Abstract: (PVDF) shows excellent chemical and thermal resistance and displays high dielectric strength and unique piezoelectricity, which are enabling for applications in membranes, electric insulators, sensors, or power generators. However, its low polarity and lack of functional groups limit wider applications. While inert, PVDF has been modified by grafting polymer chains by atom transfer radical polymerization (ATRP), albeit via an unclear mechanism, given the strong C–F bonds. Herein, we applied and green-light-mediated ATRP to modify PVDF-based materials. The method gave nearly quantitative (meth)acrylate monomer conversions within 2 h without deoxygenation and without the formation of unattached homopolymers, as confirmed by control experiments and DOSY NMR measurements. The gamma distribution model that accounts for broadly dispersed polymers in DOSY experiments was essential and serves as a powerful tool for the analysis of PVDF. The NMR analysis of poly(methyl acrylate) graft chain-ends on PVDF-CTFE (statistical copolymer with chlorotrifluoroethylene) was carried out successfully for the first time and showed up to 23 grafts per PVDF-CTFE chain.

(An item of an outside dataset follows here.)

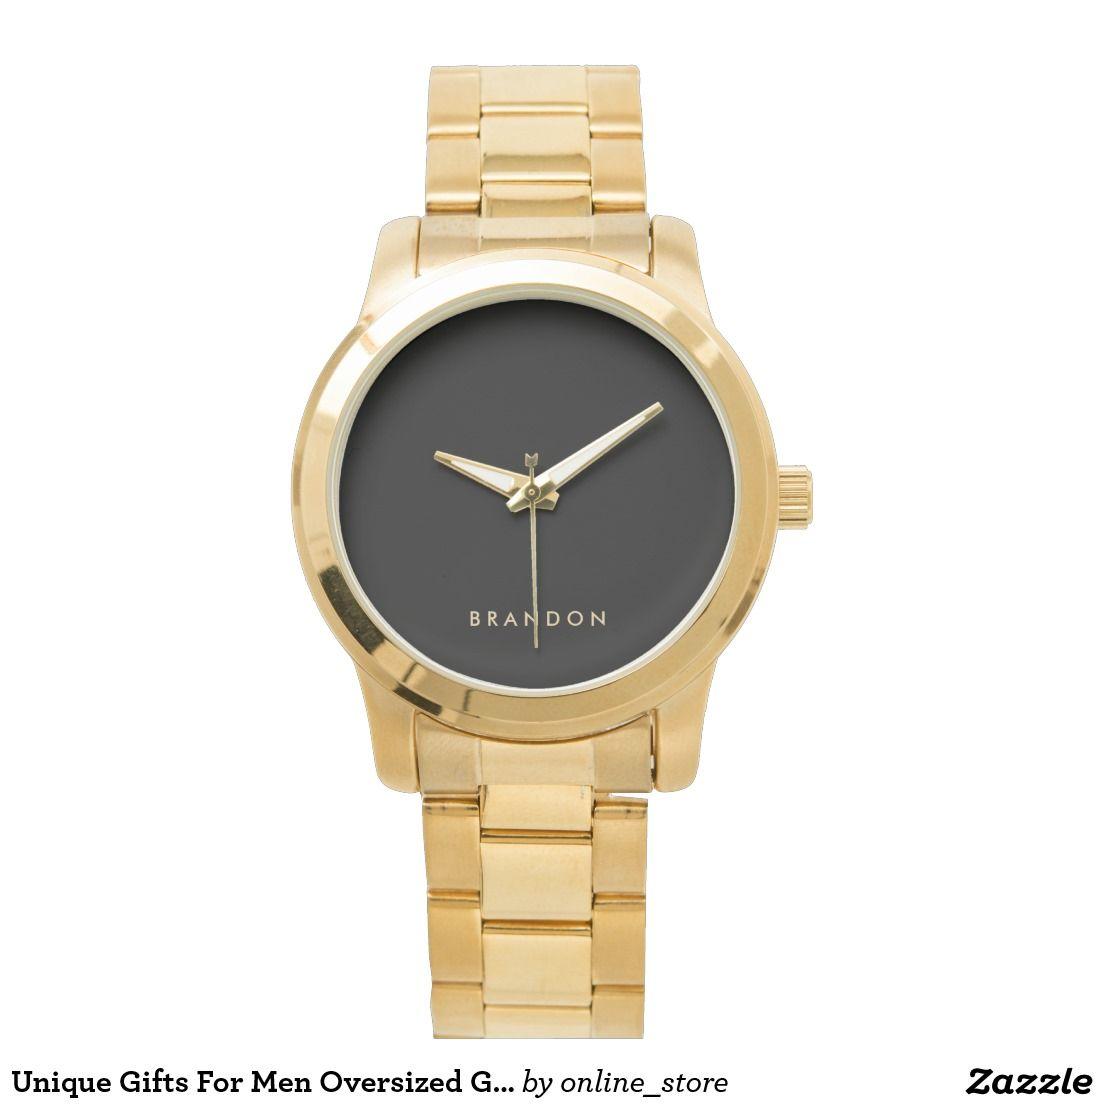 Unique Gifts For Men Oversized Gold Bracelet Watch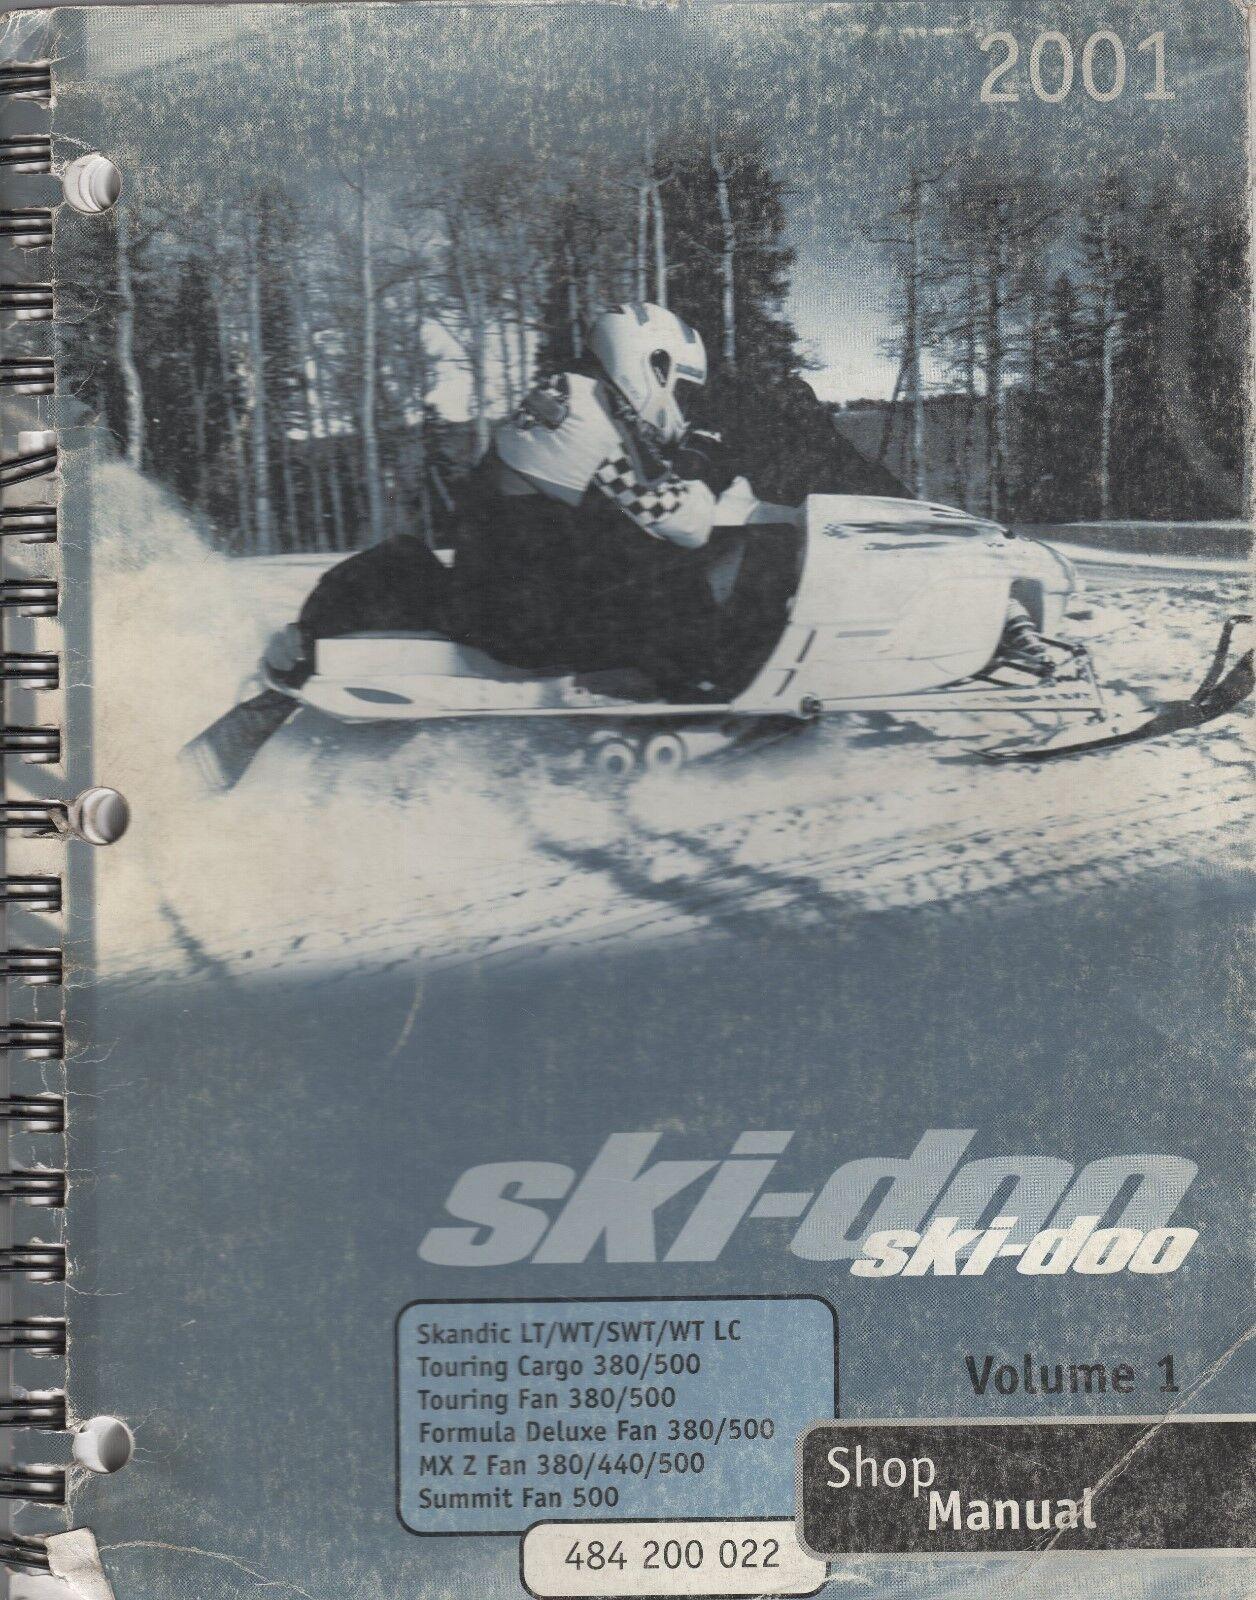 2001 SKI-DOO SNOWMOBILE SHOP MANUAL VOLUME 1 SERIES  484 200 022 (394)

The grafting density was tunable depending on the solvent composition and light intensity during the grafting. The initiation proceeded either from the C–Cl sites of PVDF-CTFE or via unsaturations in the PVDF backbones. The dehydrofluorinated PVDF was 20 times more active than saturated PVDF during the grafting. The method was successfully applied to modify PVDF, PVDF-HFP, and Viton A401C. The obtained PVDF-CTFE-g-PnBMA materials were investigated in more detail. They featured slightly lower crystallinity than PVDF-CTFE (12–18 vs 24.3%) and had greatly improved mechanical performance: Young’s moduli of up to 488 MPa, ductility of 316%, and toughness of 46 × 10[6] J/m3.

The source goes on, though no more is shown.